[Data items]

-------

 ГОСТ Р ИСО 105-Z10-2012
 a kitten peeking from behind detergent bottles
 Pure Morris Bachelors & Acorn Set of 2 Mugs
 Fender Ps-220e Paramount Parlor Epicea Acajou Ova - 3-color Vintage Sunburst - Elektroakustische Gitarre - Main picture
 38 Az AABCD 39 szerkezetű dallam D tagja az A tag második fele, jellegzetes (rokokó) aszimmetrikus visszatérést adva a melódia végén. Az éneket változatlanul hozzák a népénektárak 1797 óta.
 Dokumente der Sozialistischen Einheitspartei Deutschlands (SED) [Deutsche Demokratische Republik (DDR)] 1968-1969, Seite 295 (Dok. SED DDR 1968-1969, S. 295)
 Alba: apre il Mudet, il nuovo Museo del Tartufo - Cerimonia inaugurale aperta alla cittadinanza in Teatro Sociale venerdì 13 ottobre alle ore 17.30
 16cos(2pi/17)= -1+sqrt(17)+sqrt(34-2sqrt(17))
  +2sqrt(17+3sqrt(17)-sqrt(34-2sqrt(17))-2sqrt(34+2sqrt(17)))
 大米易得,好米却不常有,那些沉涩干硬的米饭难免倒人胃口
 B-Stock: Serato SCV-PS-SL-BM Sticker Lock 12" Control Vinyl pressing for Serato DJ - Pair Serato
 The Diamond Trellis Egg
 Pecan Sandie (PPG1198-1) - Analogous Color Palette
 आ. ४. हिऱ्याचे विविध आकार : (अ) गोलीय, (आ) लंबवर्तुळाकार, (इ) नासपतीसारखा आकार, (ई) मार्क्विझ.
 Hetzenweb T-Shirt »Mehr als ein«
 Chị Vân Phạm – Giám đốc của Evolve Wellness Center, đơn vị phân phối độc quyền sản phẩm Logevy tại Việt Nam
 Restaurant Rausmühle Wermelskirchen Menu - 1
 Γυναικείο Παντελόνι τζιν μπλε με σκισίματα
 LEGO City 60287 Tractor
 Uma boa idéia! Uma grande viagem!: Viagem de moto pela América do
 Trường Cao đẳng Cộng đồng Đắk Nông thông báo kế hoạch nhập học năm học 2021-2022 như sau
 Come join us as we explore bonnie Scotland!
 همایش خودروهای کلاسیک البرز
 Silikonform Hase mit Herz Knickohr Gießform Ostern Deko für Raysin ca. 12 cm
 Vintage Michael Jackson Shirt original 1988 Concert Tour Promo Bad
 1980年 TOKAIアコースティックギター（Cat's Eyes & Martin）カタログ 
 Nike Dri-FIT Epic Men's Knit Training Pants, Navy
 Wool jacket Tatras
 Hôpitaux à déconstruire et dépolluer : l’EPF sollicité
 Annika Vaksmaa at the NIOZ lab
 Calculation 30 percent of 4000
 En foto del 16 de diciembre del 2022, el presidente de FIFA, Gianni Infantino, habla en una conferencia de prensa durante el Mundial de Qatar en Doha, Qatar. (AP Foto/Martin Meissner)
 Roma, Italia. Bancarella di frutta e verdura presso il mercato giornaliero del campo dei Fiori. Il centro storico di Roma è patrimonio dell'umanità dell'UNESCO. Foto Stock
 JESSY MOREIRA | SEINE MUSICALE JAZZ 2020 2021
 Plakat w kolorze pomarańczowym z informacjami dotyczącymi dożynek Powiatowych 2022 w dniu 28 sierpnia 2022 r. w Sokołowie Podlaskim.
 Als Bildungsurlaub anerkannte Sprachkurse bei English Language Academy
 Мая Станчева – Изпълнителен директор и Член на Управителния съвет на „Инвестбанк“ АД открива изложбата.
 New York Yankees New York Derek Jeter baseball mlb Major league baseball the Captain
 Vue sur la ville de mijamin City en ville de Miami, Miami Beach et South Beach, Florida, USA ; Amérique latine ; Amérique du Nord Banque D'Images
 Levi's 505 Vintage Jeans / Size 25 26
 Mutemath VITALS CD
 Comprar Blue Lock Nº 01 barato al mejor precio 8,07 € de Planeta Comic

-------

Only the lines from the start of the data to the line holding "Fender Ps-220e Paramount" are wanted; return them exactly, both ends included.

REPLY —
 ГОСТ Р ИСО 105-Z10-2012
 a kitten peeking from behind detergent bottles
 Pure Morris Bachelors & Acorn Set of 2 Mugs
 Fender Ps-220e Paramount Parlor Epicea Acajou Ova - 3-color Vintage Sunburst - Elektroakustische Gitarre - Main picture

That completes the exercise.